La Cour Suprême allemande, par un arrêt du 30 janvier 2020 (publié le 4 mars), a posé à la CJUE des questions préjudicielles sur la protection des dessins & modèles non enregistrés, et plus particulièrement sur la protection des modèles partiels par ce biais. La réponse qui y sera apportée aura nécessairement un impact très important sur les stratégies de protection.
Pour mémoire, le Règlement 6/2002 définit les Dessins ou Modèles Communautaires Non Enregistrés (DMCNE) et prévoit leur protection notamment via les articles suivants :
Article 1
2. Un dessin ou modèle communautaire est protégé:
a) en qualité de « dessin ou modèle communautaire non enregistré », s’il est divulgué au public selon les modalités prévues par le présent règlement;
Article 3
Définitions
Aux fins du présent règlement, on entend par:
a) « dessin ou modèle »: l’apparence d’un produit ou d’une partie de produit que lui confèrent, en particulier, les caractéristiques des lignes, des contours, des couleurs, de la forme, de la texture et/ou des matériaux du produit lui-même et/ou de son ornementation;
article 11
1) Un dessin ou modèle qui remplit les conditions énoncées dans la section 1 est protégé en qualité de dessin ou modèle communautaire non enregistré pendant une période de trois ans à compter de la date à laquelle le dessin ou modèle a été divulgué au public pour la première fois au sein de la Communauté.
Dans un article publié le 5 mars 2020 sur Lexology, Markus B. Bölling expose la teneur de l’arrêt du 30 janvier 2020.
En décembre 2014, Ferrari (demandeur), a publié un communiqué de presse montrant des photos d’une nouvelle voiture de course. Le défendeur a produit des « front kits » dont l’un d’entre eux ressemblait fortement à la partie avant de la voiture divulguée par Ferrari.
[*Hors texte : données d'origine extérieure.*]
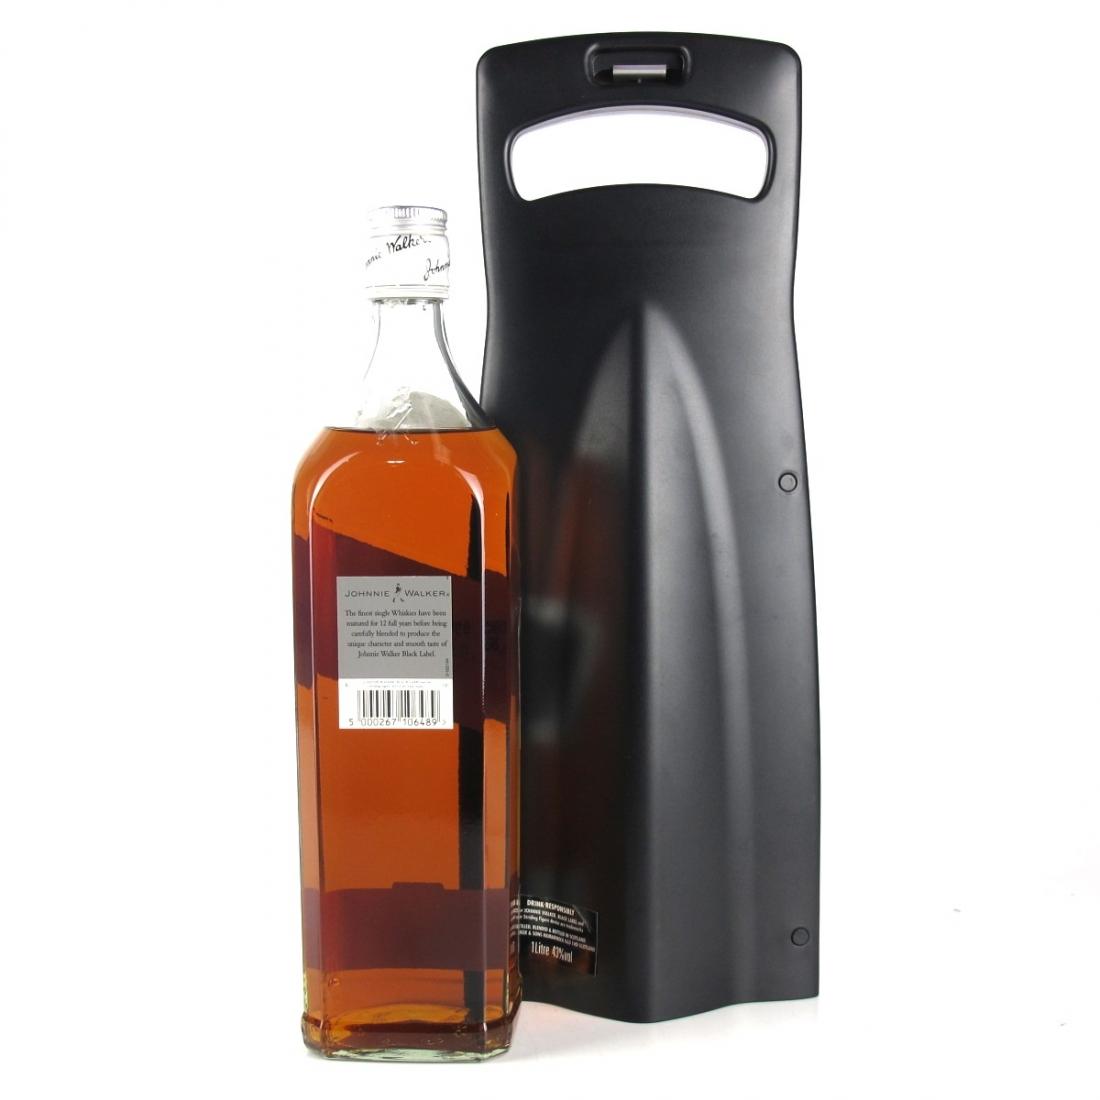 Johnnie Walker Mclaren Limited Edition Black Label 1 Litre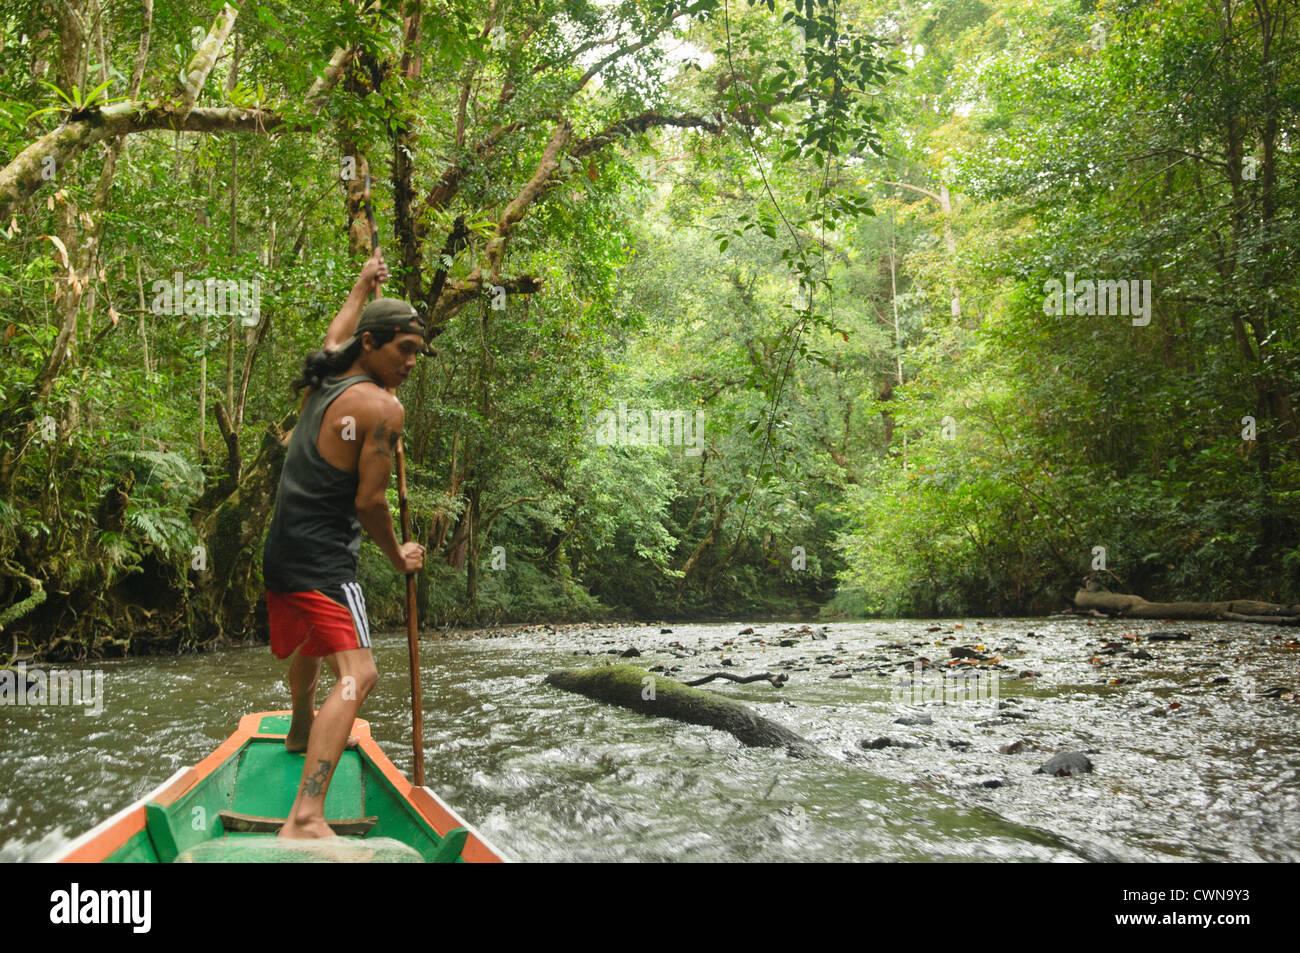 Iban man navigating the river in Batang Ai National Park in Sarawak, Borneo, Malaysia - Stock Image

Ferrari a donc soutenu qu’en divulguant l’ensemble de son véhicule en 2014, elle pouvait ainsi prétendre à la protection d’une partie de celui-ci (en l’occurrence une section la partie avant) en tant que dessin ou modèle communautaire non enregistré.
Ces prétentions ont été rejetées en première et deuxième instance. La Cour Suprême (der Bundesgerichtshof) a donc décidé d’interroger la CJUE quant à la protection de parties de produits par le biais de DMCNE.
Dans l’arrêt BuckChemie / Henkel rendu en 2017 par le TUE (commenté ici), il avait été question du caractère individuel d’un modèle partiel. De façon intéressante, les antériorités -consistant en la divulgation de l’aspect de produits complets- n’ont pas été considérées comme portant sur l’aspect de parties de produits. Le Tribunal estimait que lorsque est invoquée une partie d’un produit antérieur, celle-ci doit, par rapport au produit complet :
- avoir une certaine indépendance
- en être séparable
- être mise en relief (ou en évidence)
C’est ce que j’avais alors surnommé un « test ISR« .
Ici, dans l’affaire des « front kits » Ferrari, le BGH a donc demandé à la CJUE de se prononcer sur l’interprétation de l’article 11, paragraphes 1 et 2, première phrase et de l’article 4, paragraphe 2, point b), l’article 6, paragraphe 1, point a), du règlement (CE) no 6/2002 du Conseil du 12 décembre 2001 sur les dessins ou modèles communautaires, en répondant aux questions préjudicielles suivantes :
1. La divulgation d’une image globale d’un produit conformément à l’article 11, paragraphes 1 et 2, phrase 1, du règlement (CE) n ° 6/2002 permet-elle d’obtenir des dessins ou modèles communautaires non enregistrés sur des parties individuelles du produit?
2. En cas de réponse affirmative à la première question:
Quel critère juridique doit être appliqué lors de l’examen du caractère individuel conformément à l’article 4, paragraphe 2, lettre b, à l’article 6, paragraphe 1, du règlement (CE) n ° 6/2002 lors de la détermination de l’impression globale dans le cas d’un composant qui – comme par exemple, une partie d’une carrosserie de véhicule – est une partie d’un produit complexe?
En particulier, faut-il examiner si l’apparence du composant dans la perception de l’utilisateur averti n’est pas complètement perdue dans l’apparence du produit complexe, mais a plutôt une certaine indépendance et unité de forme qui permettent de déterminer une impression esthétique globale indépendante de la forme globale?